Plus aigus que ses pamphlets mêmes, car plus approfondis, les pages de son Journal éclairent la source de ses fulminations. La critique de notre époque y est sous-tendue et étayée par ses lectures, innombrables, et par un véritable désespoir que ses épigrammes et ses libelles à l’adresse de la modernité ne laissaient pas toujours pressentir. Tous les siècles, et pas seulement les XXe et XXIe, sont l’objet de ce pessimisme à l’égard des pensées dominantes, dans l’exacte mesure où la nature humaine est désespérante et nous promettait, selon lui, un avenir aussi paradisiaque que désincarné.
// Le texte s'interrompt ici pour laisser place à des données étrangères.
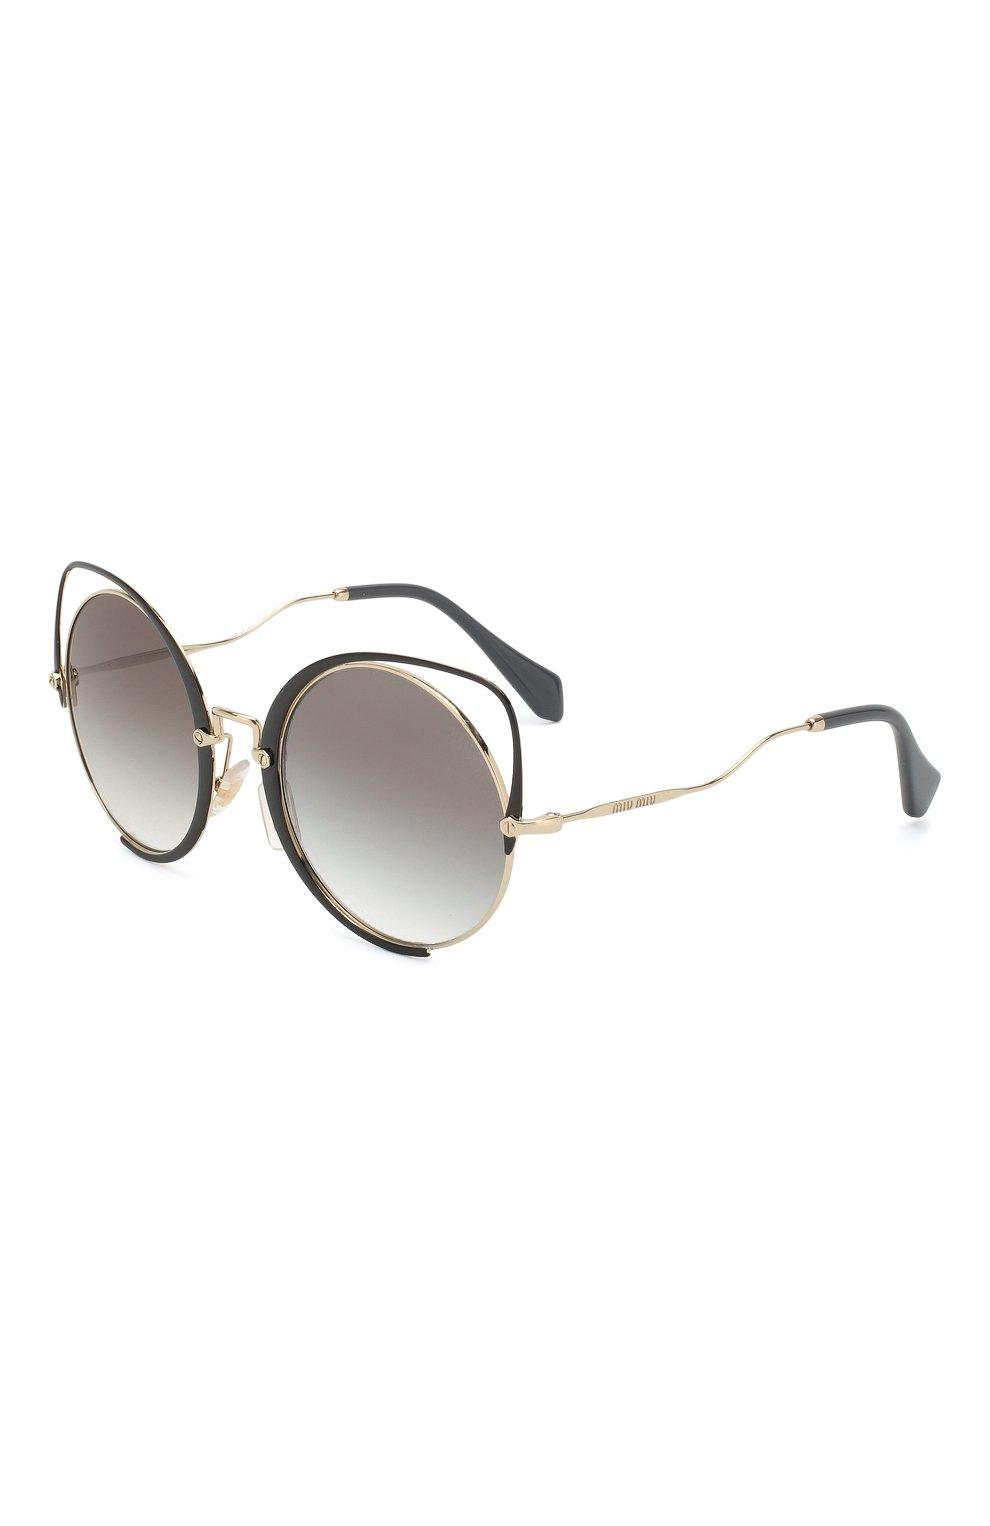 Женские солнцезащитные очки MIU MIU черного цвета, арт. 51TS-1AB0A7 | Фото 1
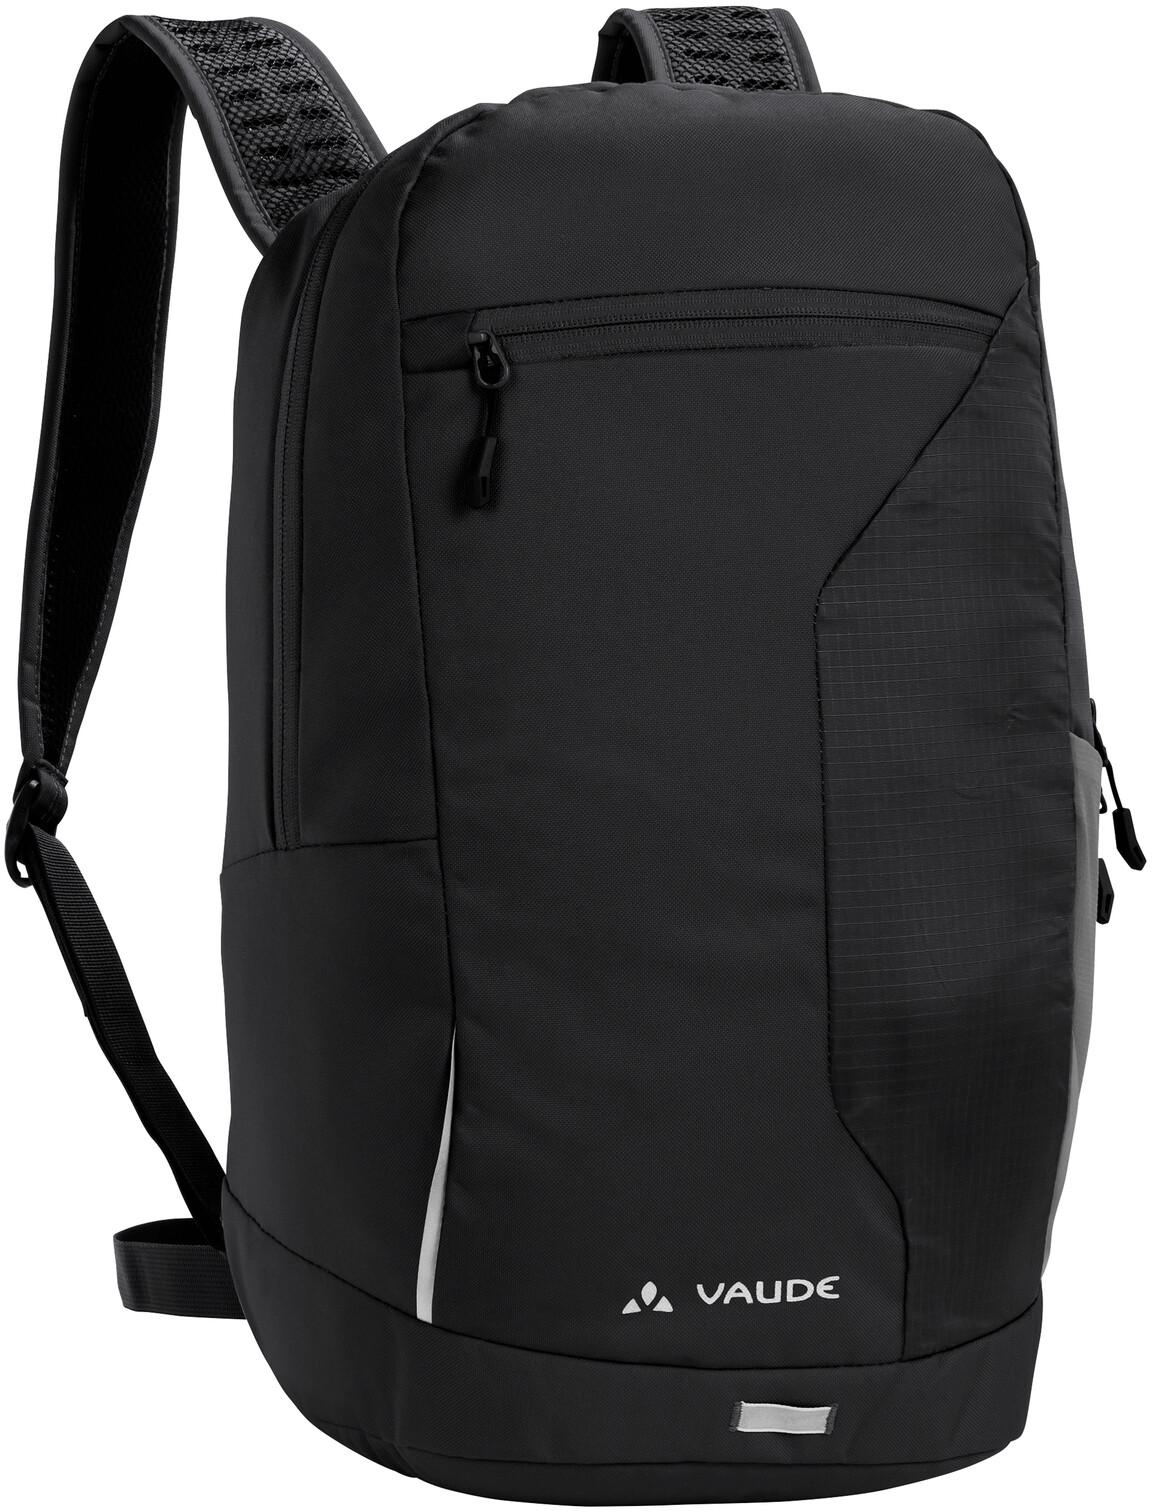 VAUDE Tecolog III 14 Rygsæk, black (2019) | Travel bags

Ce désespoir n’est ni triste ni ennuyeux. On s’amuse beaucoup en compagnie d’une vaste galerie de personnages digne des “Caractères” de La Bruyère, dont les cibles sont les formes de la bienséance. L’enfant à l’extraordinaire liberté de ton de Bloy, de Céline, de Balzac, de Rabelais, pulvérise avec humour les vanités de son temps. « Quand les professeurs de vertu rétrospective et anhistorique racolent dans les médias ; quand n’existe plus d’ardeur que pour ce qui relève de la noyade dans l’indifférencié ; quand le chaos festif et touristique devient la trame de nos vies concrètes dans un monde qui se réaménage à toute allure en « espace de loisirs » ; quand la religion culturelle ne connaît plus les arts que pour les forcer à incarner le collectif euphorique, alors il est nécessaire de reprendre à zéro la critique d’une époque si pénible. » Ces paroles « anthracites » réintroduisent le négatif pour montrer « que lorsqu’on l’évacue, on ne peut plus rien comprendre ». À l’opposé d’une vision étroitement nihiliste, il avait le projet, contre l’« Empire du Bien » de « réintroduire le négatif pour montrer que lorsqu’on l’évacue, on ne peut plus rien comprendre »
V.L.

Ultima necat, I, Journal intime, 1978-1985, de Philippe Muray, Les Belles Lettres, 619 p., 35 €.